# Any Early Bird Specials in Aruba?



## travelplanner70 (Sep 16, 2008)

Does anyone know of any early bird specials they would recommend?  Also, is it worth buying the Visit Aruba Card?  Thanks for your advice.


----------



## lprstn (Sep 16, 2008)

I don't think so.  Things aren't that expensive in Aruba, as we got good prices at most all of the restaurants.


----------



## lvhmbh (Sep 17, 2008)

Sometimes the local paper has ads for specials.  Cleo's - the little restaurant in the Alhambra Casino - has 2 for one hot dogs, steak sandwiches and something else on Sunday nights.


----------



## lll1929 (Sep 17, 2008)

Also, at the airport, you can get books that have various coupons.  I got a free glass of wine everywhere I dined using the coupon books.


----------



## gretel (Sep 17, 2008)

*Chalet Suisse*

Chalet Suisse has a good early bird menu. From their website:
<<Guests visiting our restaurant from April 1st to November 30th whom prefer an early dinner, will appreciate our EARLY BIRD SPECIAL menu; a three course selection of our most popular items at a fixed price.>> 

We enjoyed our dinner there and would return.


----------



## justnosy (Sep 17, 2008)

*look in the paper*

I bought the visitaruba card when I went in Aug. Whether or not it's worth it or not depends on how you'll be using it. Of course it's worth it if you use enough of the discount/freebies. I was told by certain vendors that discounts are not stackable.  I bought the card to use at Rumba's which is one of our favorite restaurants.  I didn't use it for any of the activities since I got other discounts (like 1/2 for kids)..I found that for most of the activities the same discounts can be found elsewhere (like the coupon books or online...)

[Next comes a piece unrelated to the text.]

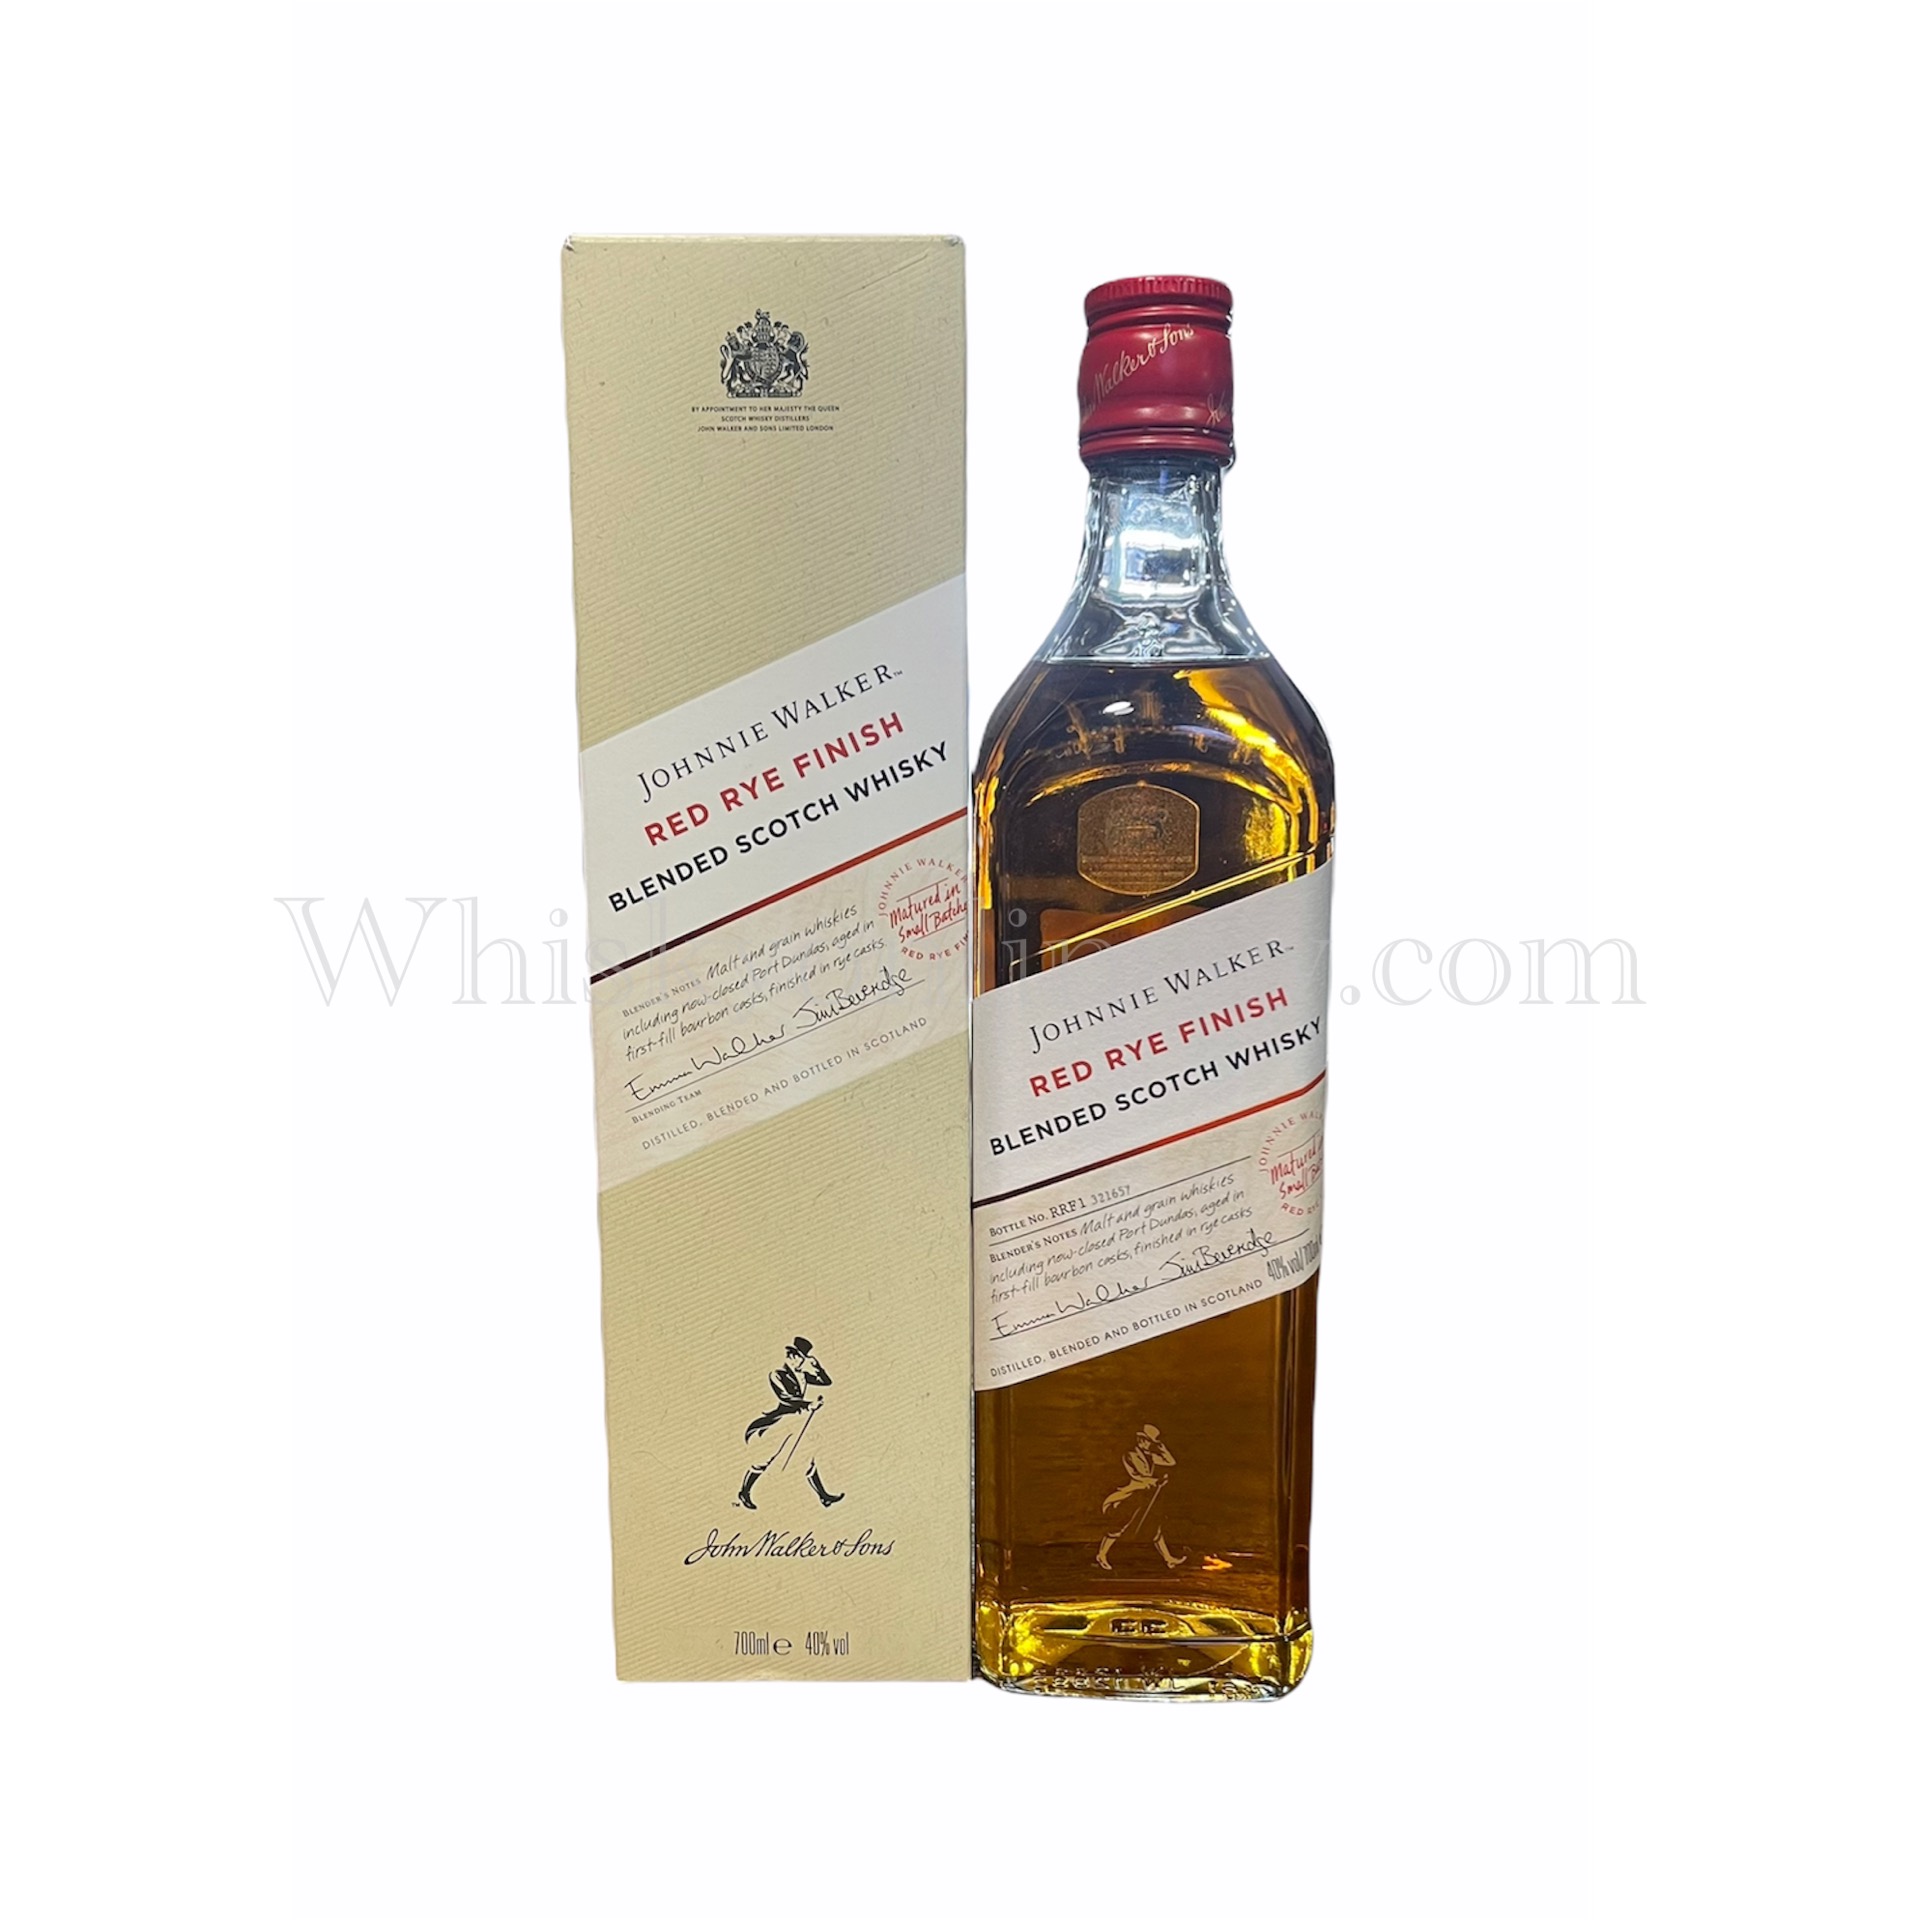 Whisky Online Cyprus - Johnnie Walker Red Rye Finish Small Batch (70cl, 40%)

As for early birds - definitely check the paper. I know that Tango and another restaurant (next door) offers a 3 course early bird for $20 or $25. I think Laguana at the Radisson also does an early bird for their buffets (kids under 12 eat free for each paying adult!) I think Le Petit Cafe may have an early bird too (I think there was a sign outside)


----------